DATASET EXCERPT:
+ + +

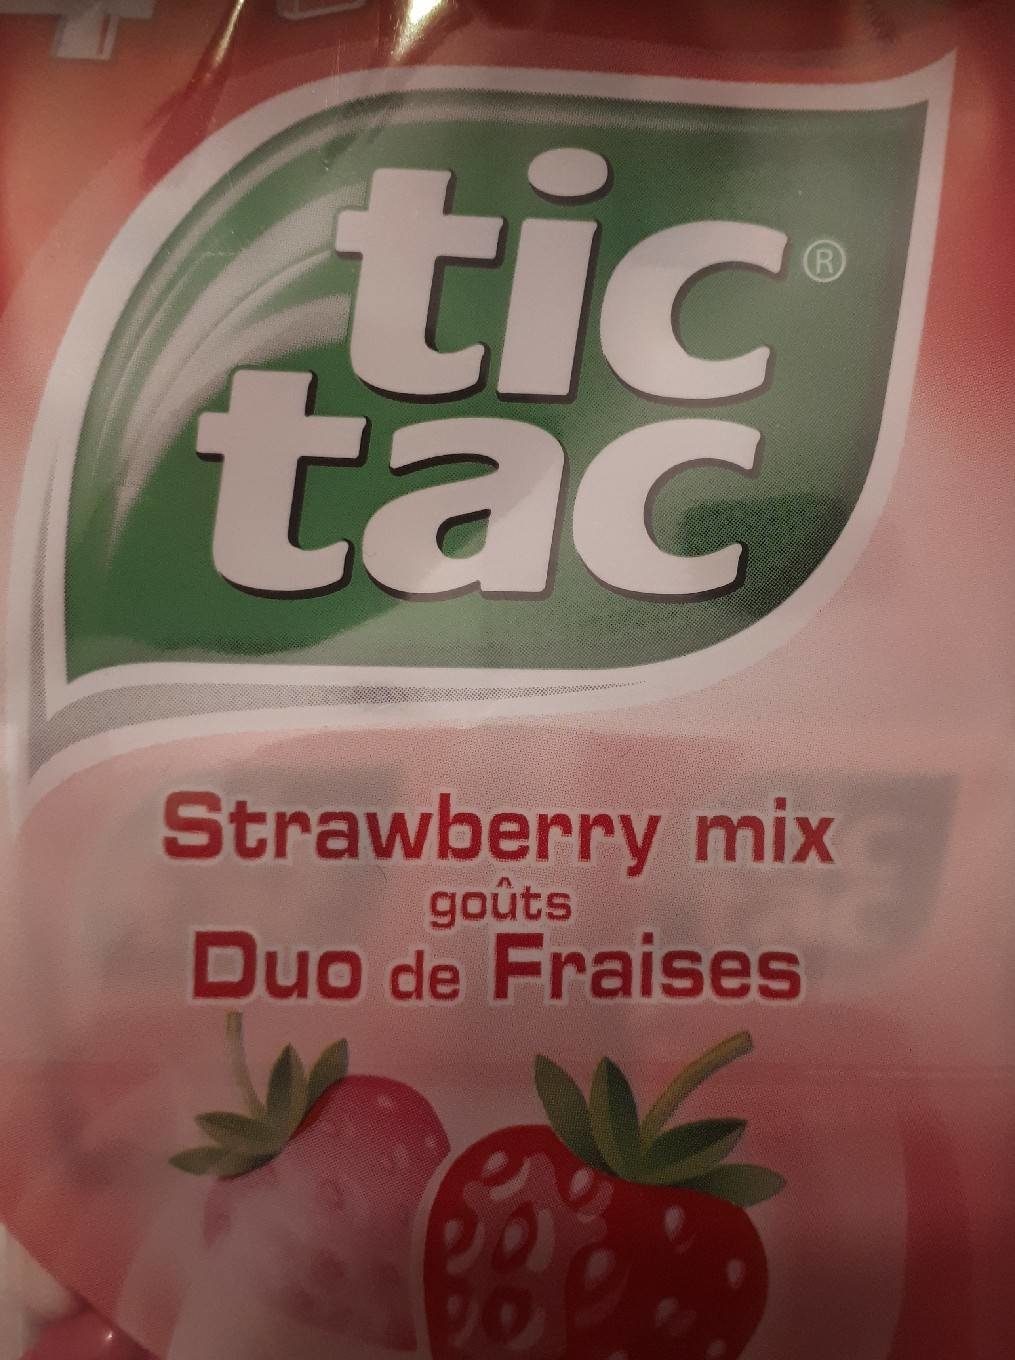 64G Tic Tac Duo Fraises T4 - Tableau nutritionnel
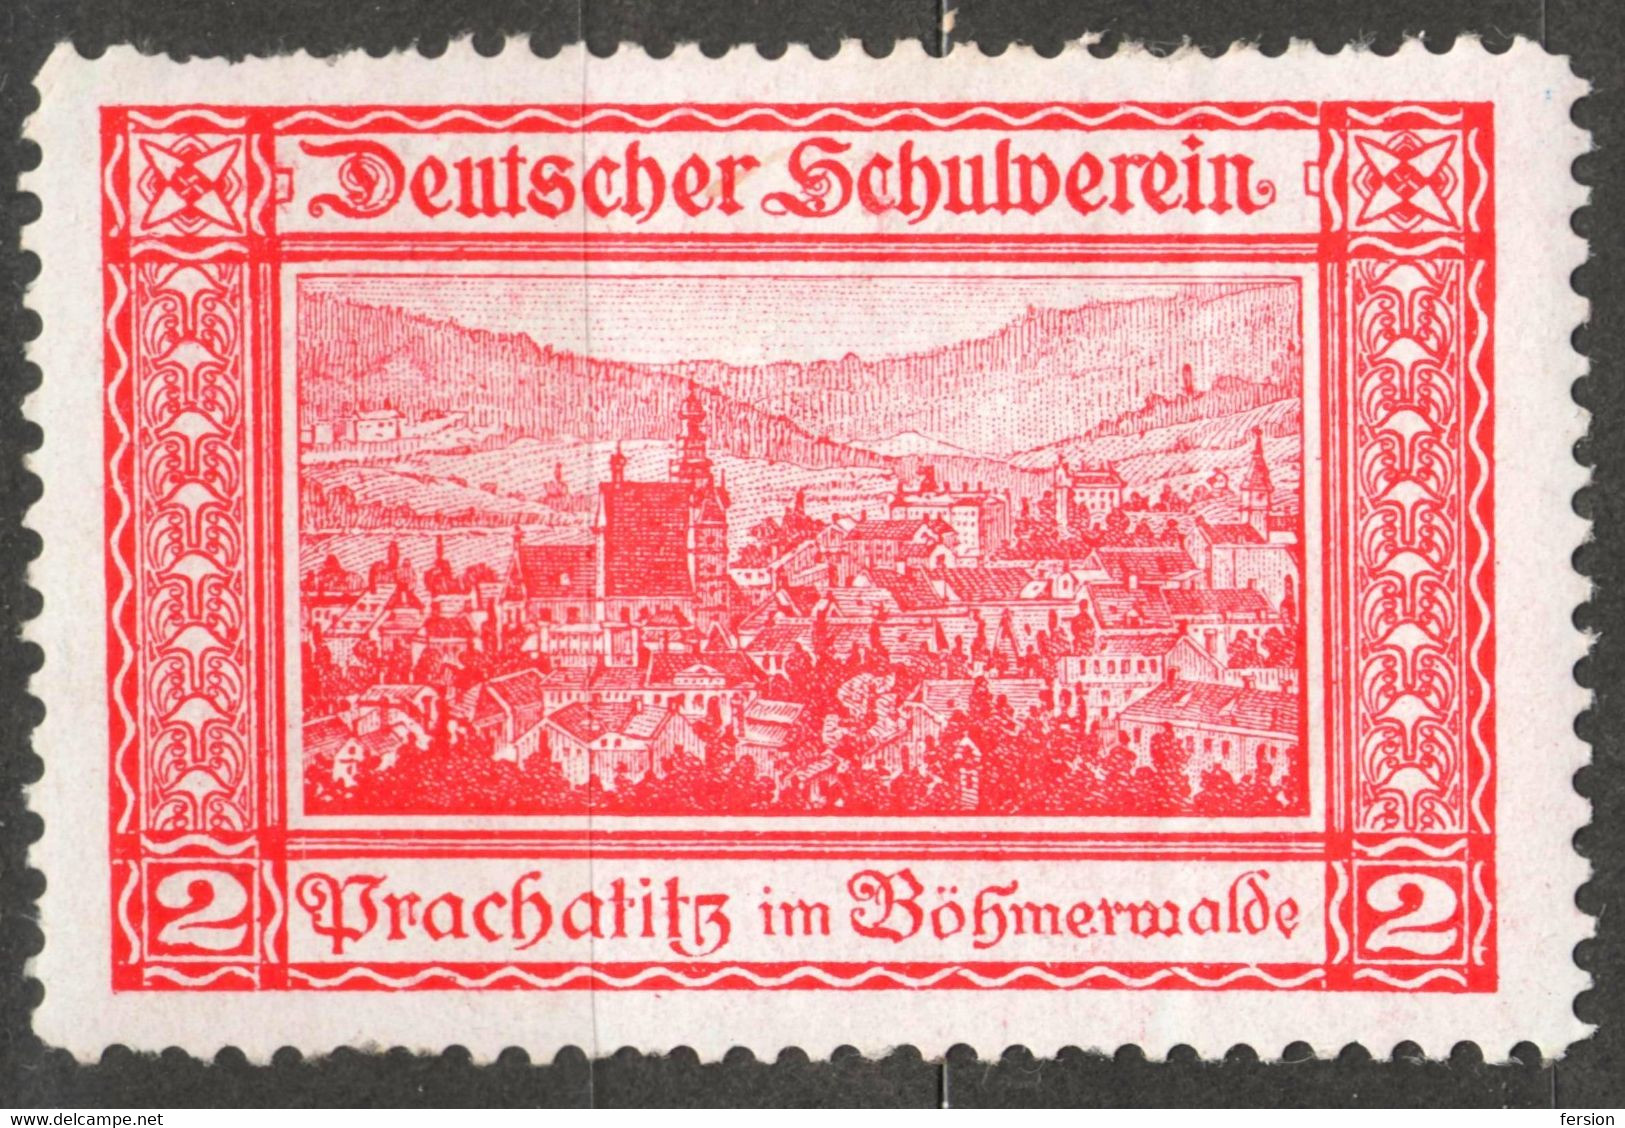 Prachatice Prachatitz CATHEDRAL Czechia Bohemia Germany Austria Label Cinderella Vignette SCHOOL Deutscher Schulverein - ...-1918 Prephilately
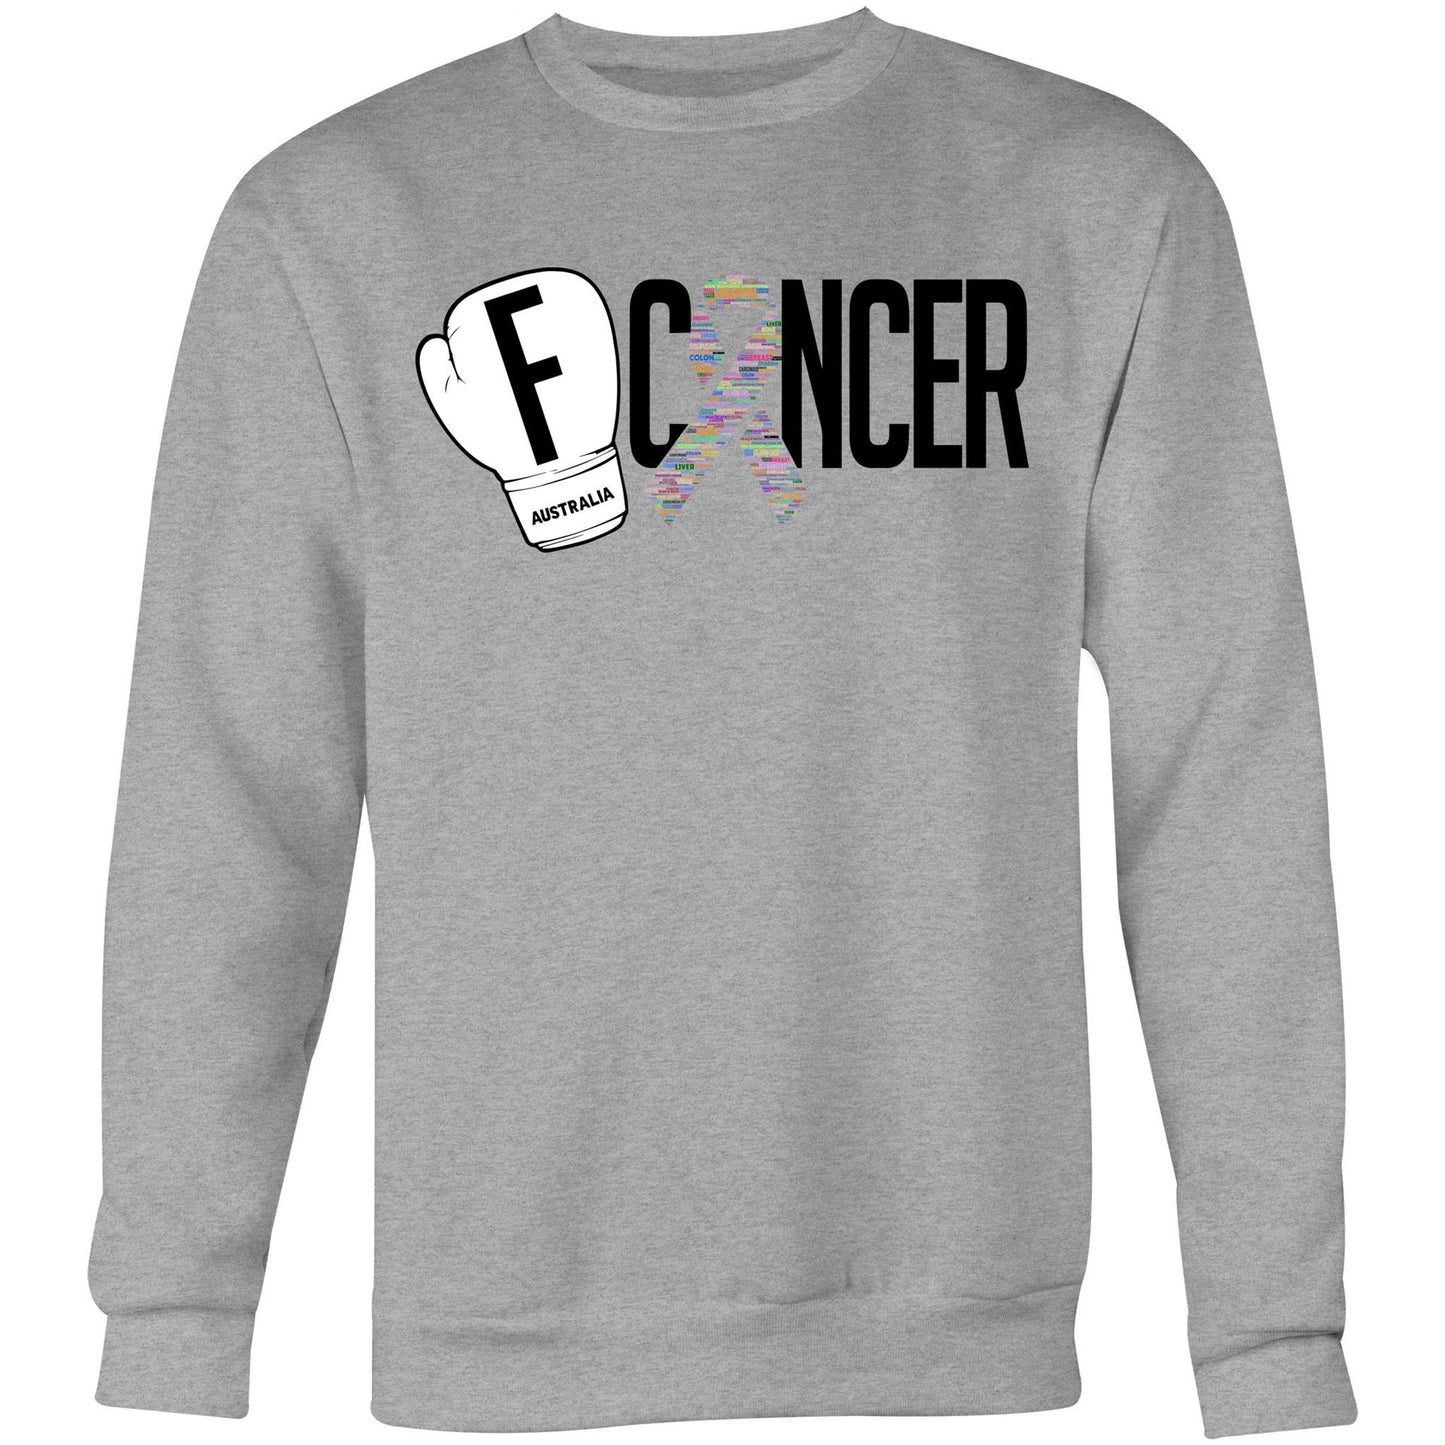 FCancerAus Crew Sweatshirt
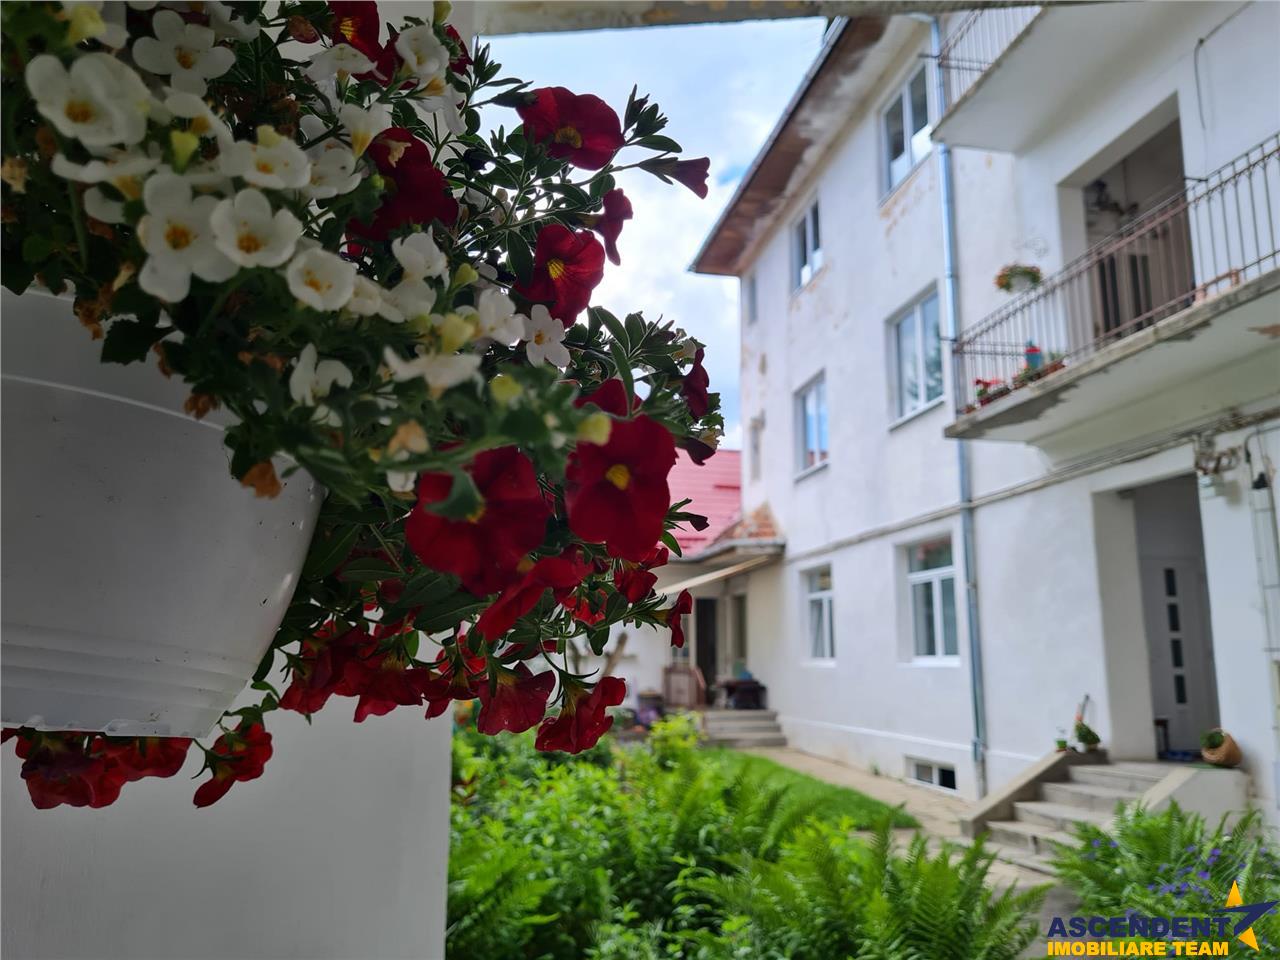 Proprietate la casa, cu gradina de flori, zona rezidentiala Centrala a Brasovului

+ + +

REQUIRED ACTION: Each line of the data above must be reproduced as written. Skip the pictures.

EXPECTED OUTPUT:
 64G Tic Tac Duo Fraises T4 - Tableau nutritionnel
 Prachatice Prachatitz CATHEDRAL Czechia Bohemia Germany Austria Label Cinderella Vignette SCHOOL Deutscher Schulverein - ...-1918 Prephilately
 FCancerAus Crew Sweatshirt
 Proprietate la casa, cu gradina de flori, zona rezidentiala Centrala a Brasovului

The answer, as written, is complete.